On Wed, Mar 25, 2020 at 04:42:22PM +0000, Shiju Jose wrote:
> Presently APEI does not support reporting the vendor specific
> HW errors, received in the vendor defined table entries, to the
> vendor drivers for any recovery.
>
> This patch adds the support to register and unregister the

Avoid having "This patch" or "This commit" in the commit message. It is
tautologically useless.

Also, do

$ git grep 'This patch' Documentation/process

for more details.

> error handling function for the vendor specific HW errors and
> notify the registered kernel driver.
>
> Signed-off-by: Shiju Jose <shiju.jose@xxxxxxxxxx>
> ---
> drivers/acpi/apei/ghes.c | 35 ++++++++++++++++++++++++++++++++++-
> drivers/ras/ras.c | 5 +++--
> include/acpi/ghes.h | 28 ++++++++++++++++++++++++++++
> include/linux/ras.h | 6 ++++--
> include/ras/ras_event.h | 7 +++++--
> 5 files changed, 74 insertions(+), 7 deletions(-)
>
> diff --git a/drivers/acpi/apei/ghes.c b/drivers/acpi/apei/ghes.c
> index 24c9642e8fc7..d83f0b1aad0d 100644
> --- a/drivers/acpi/apei/ghes.c
> +++ b/drivers/acpi/apei/ghes.c
> @@ -490,6 +490,32 @@ static void ghes_handle_aer(struct acpi_hest_generic_data *gdata)
> #endif
> }
>
> +static ATOMIC_NOTIFIER_HEAD(ghes_event_notify_list);
> +
> +/**
> + * ghes_register_event_notifier - register an event notifier
> + * for the non-fatal HW errors.
> + * @nb: pointer to the notifier_block structure of the event handler.
> + *
> + * return 0 : SUCCESS, non-zero : FAIL
> + */
> +int ghes_register_event_notifier(struct notifier_block *nb)
> +{
> + return atomic_notifier_chain_register(&ghes_event_notify_list, nb);
> +}
> +EXPORT_SYMBOL_GPL(ghes_register_event_notifier);
> +
> +/**
> + * ghes_unregister_event_notifier - unregister the previously
> + * registered event notifier.
> + * @nb: pointer to the notifier_block structure of the event handler.
> + */
> +void ghes_unregister_event_notifier(struct notifier_block *nb)
> +{
> + atomic_notifier_chain_unregister(&ghes_event_notify_list, nb);
> +}
> +EXPORT_SYMBOL_GPL(ghes_unregister_event_notifier);
> +
> static void ghes_do_proc(struct ghes *ghes,
> const struct acpi_hest_generic_status *estatus)
> {
> @@ -526,10 +552,17 @@ static void ghes_do_proc(struct ghes *ghes,
> log_arm_hw_error(err);
> } else {
> void *err = acpi_hest_get_payload(gdata);
> + u8 error_handled = false;
> + int ret;
> +
> + ret = atomic_notifier_call_chain(&ghes_event_notify_list, 0, gdata);

Well, this is a notifier with standard name for a non-standard event.
Not optimal.

Why does only this event need a notifier? Because your driver is
interested in only those events?

> + if (ret & NOTIFY_OK)
> + error_handled = true;
>
> log_non_standard_event(sec_type, fru_id, fru_text,
> sec_sev, err,
> - gdata->error_data_length);
> + gdata->error_data_length,
> + error_handled);

What's that error_handled thing for? That's just silly.

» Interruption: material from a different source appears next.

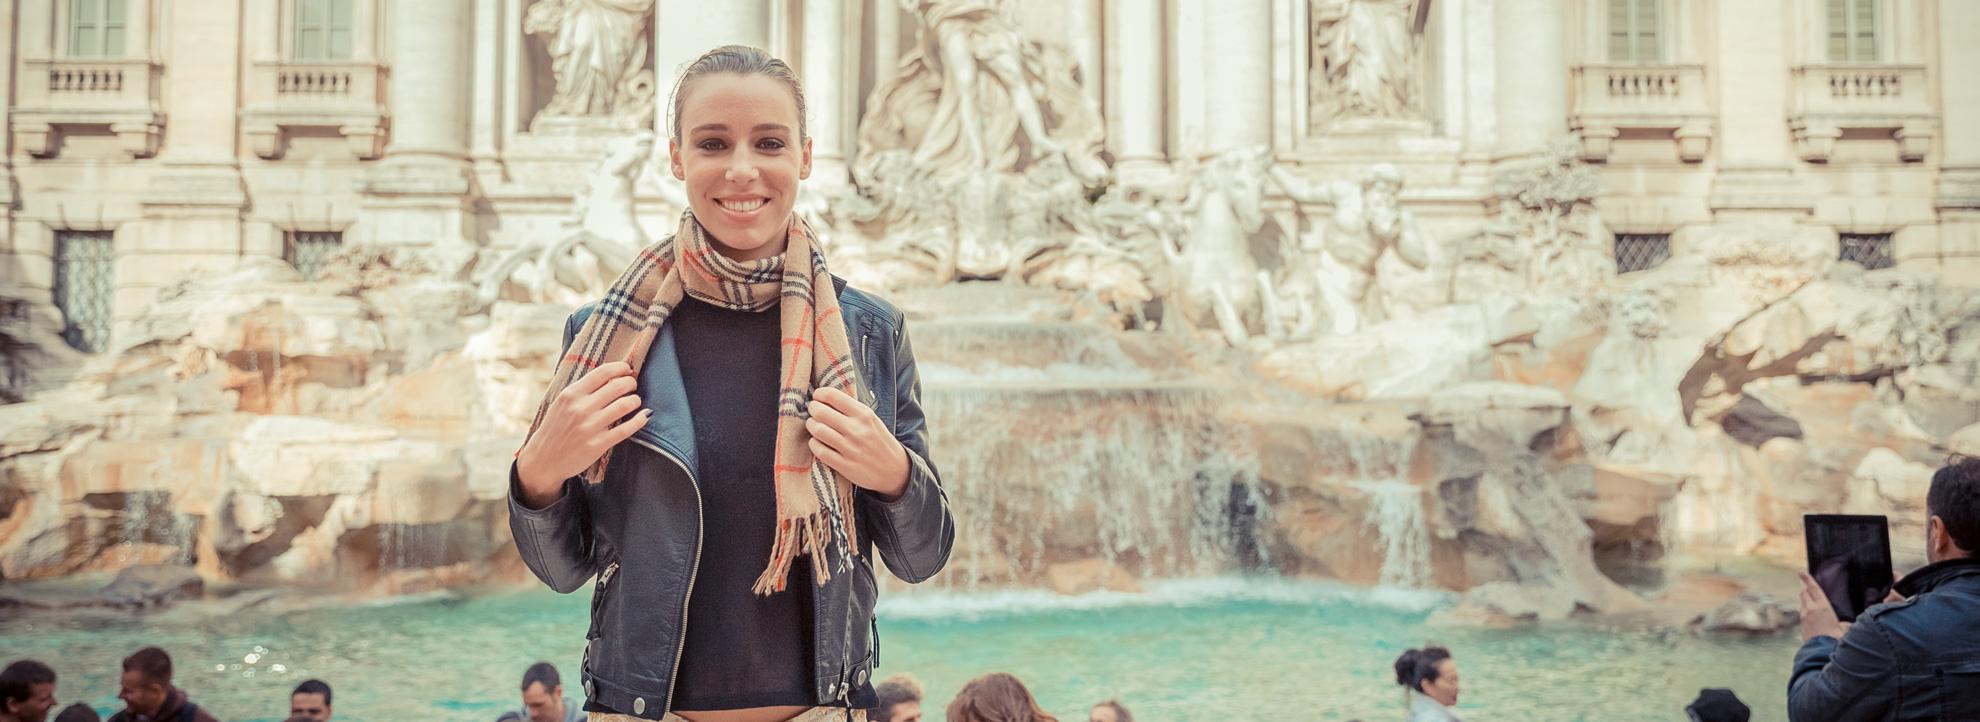 Fontana di Trevi Rome Photo Tour

Your notifier returns NOTIFY_STOP when it has queued the error. If you
don't want to log it, just test == NOTIFY_STOP and do not log it then.

Then your notifier callback is queuing the error into a kfifo for
whatever reason and then scheduling a workqueue to handle it in user
context...

So I'm thinking that it would be better if you:

* make that kfifo generic and part of ghes.c and queue all types of
error records into it in ghes_do_proc() - not just the non-standard
ones.

* then, when you're done queuing, you kick a workqueue.

* that workqueue runs a normal, blocking notifier to which drivers
register.

Your driver can register to that notifier too and do the normal handling
then and not have this ad-hoc, semi-generic, semi-vendor-specific thing.

Thx.

--
Regards/Gruss,
Boris.

https://people.kernel.org/tglx/notes-about-netiquette